Because text categories are always very specific, the text classifier is not included in any of the trained pipelines by default. But you can use it to train your own system.

|Name | Description | Creates
------|------------|-------
tagger | Part-of-speech tagger | Token.tag, Token.pos
parser | Dependency parser | Token.dep, Token.head, Doc.sents, Doc.noun_chunks
ner	| Named entity recognizer | Doc.ents, Token.ent_iob, Token.ent_type
textcat	| Text classifier | Doc.cats

### Under the hood

All pipeline packages you can load into spaCy include several files and a `config.cfg`.

The config defines things like the language and pipeline. This tells spaCy which components to instantiate and how they should be configured.

The built-in components that make predictions also need binary data. The data is included in the pipeline package and loaded into the component when you load the pipeline.

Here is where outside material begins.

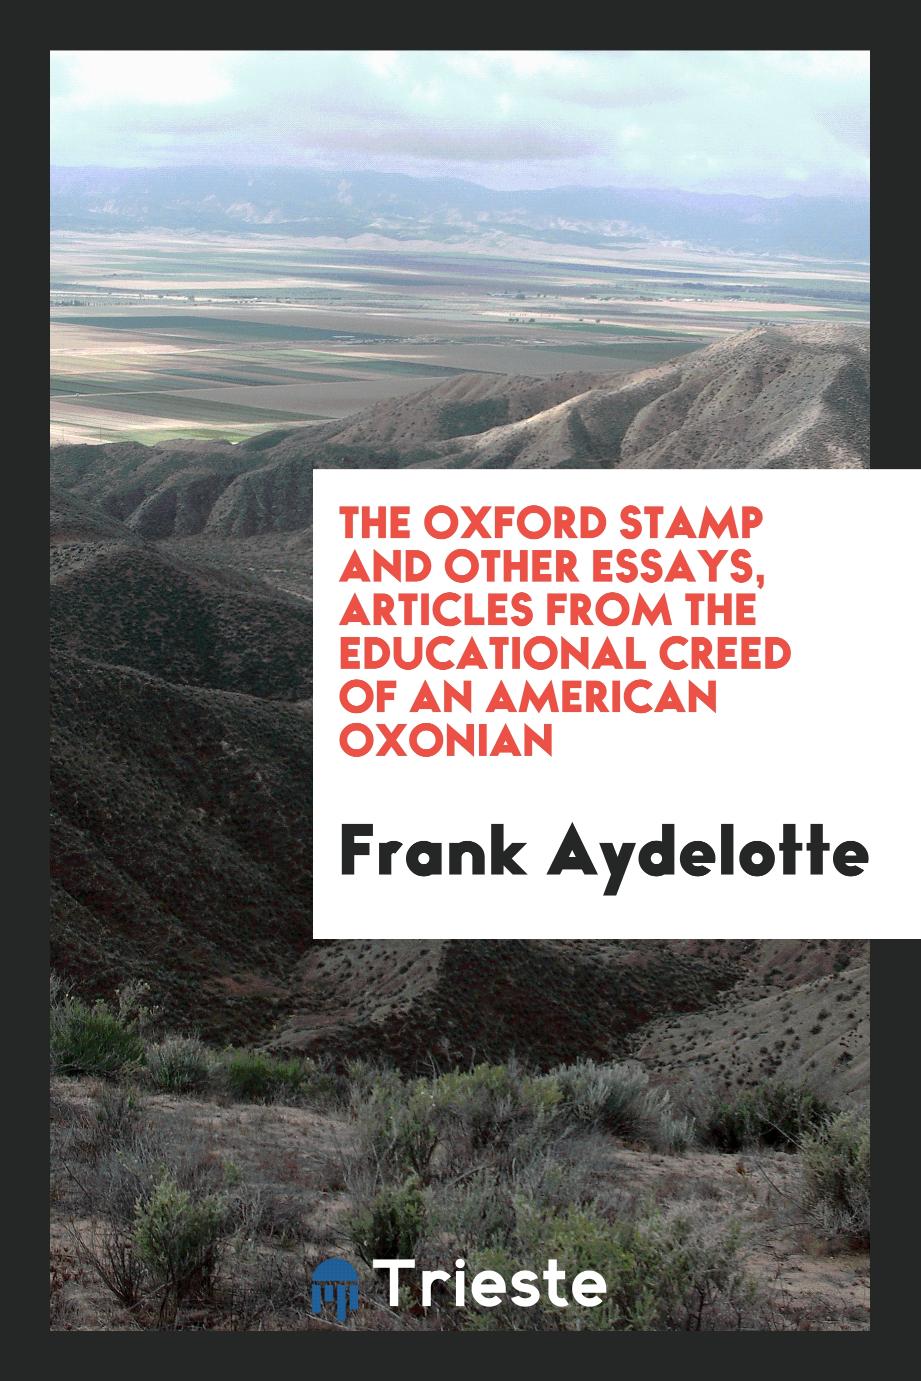 The Oxford Stamp and other essays, articles from the educational creed of an American Oxonian

![Package Meta](./img/package_meta.png)

- Pipeline defined in model's `config.cfg` in order
- Built-in components need binary data to make predictions

### Pipeline attributes

To see the names of the pipeline components present in the current nlp object, you can use the `nlp.pipe_names` attribute.

For a list of component name and component function tuples, you can use the `nlp.pipeline` attribute.

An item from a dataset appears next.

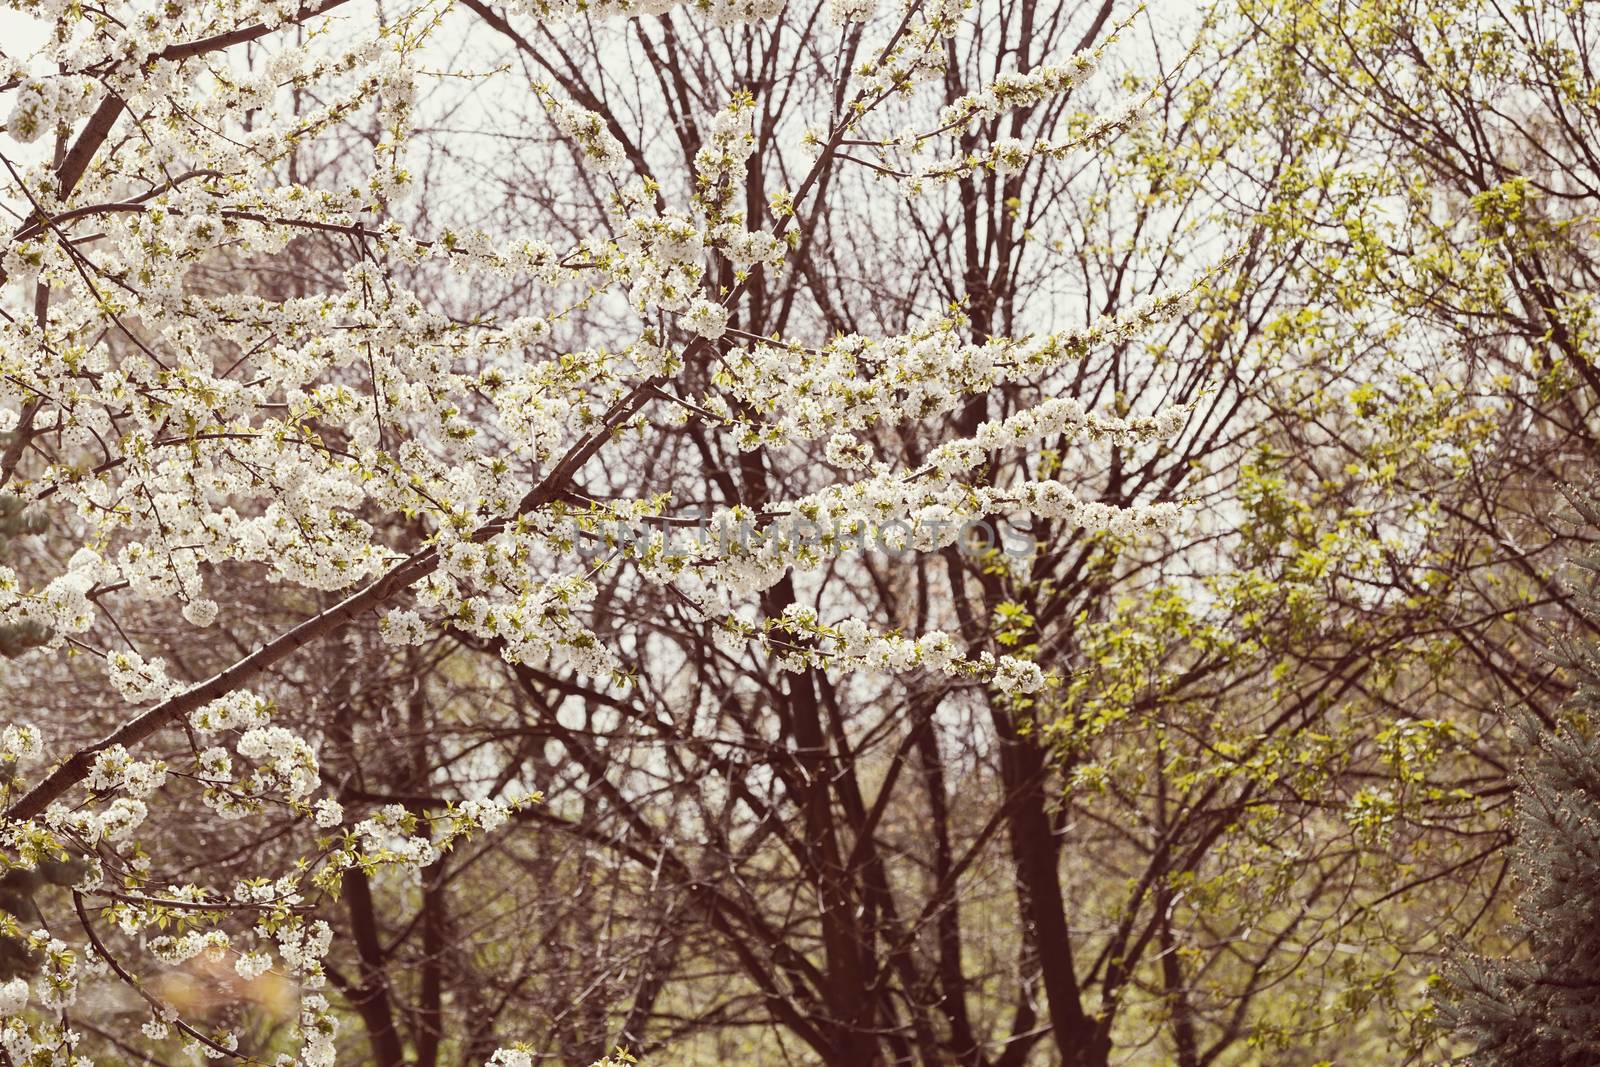 tree with white flowers in the spring, note shallow dept of field

The component functions are the functions applied to the doc to process it and set attributes – for example, part-of-speech tags or named entities.

- `nlp.pipe_names`: list of pipeline component names

In [9]:
print(nlp.pipe_names)

['tok2vec', 'tagger', 'parser', 'attribute_ruler', 'lemmatizer', 'ner']


- nlp.pipeline: list of (name, component) tuples

In [18]:
for x in nlp.pipeline:
    print(x)

('tok2vec', <spacy.pipeline.tok2vec.Tok2Vec object at 0x7d470a3e5430>)
('tagger', <spacy.pipeline.tagger.Tagger object at 0x7d470a3e72f0>)
('parser', <spacy.pipeline.dep_parser.DependencyParser object at 0x7d470a217df0>)
('attribute_ruler', <spacy.pipeline.attributeruler.AttributeRuler object at 0x7d47071a85d0>)
('lemmatizer', <spacy.lang.en.lemmatizer.EnglishLemmatizer object at 0x7d470a44ca10>)
('ner', <spacy.pipeline.ner.EntityRecognizer object at 0x7d470a217ca0>)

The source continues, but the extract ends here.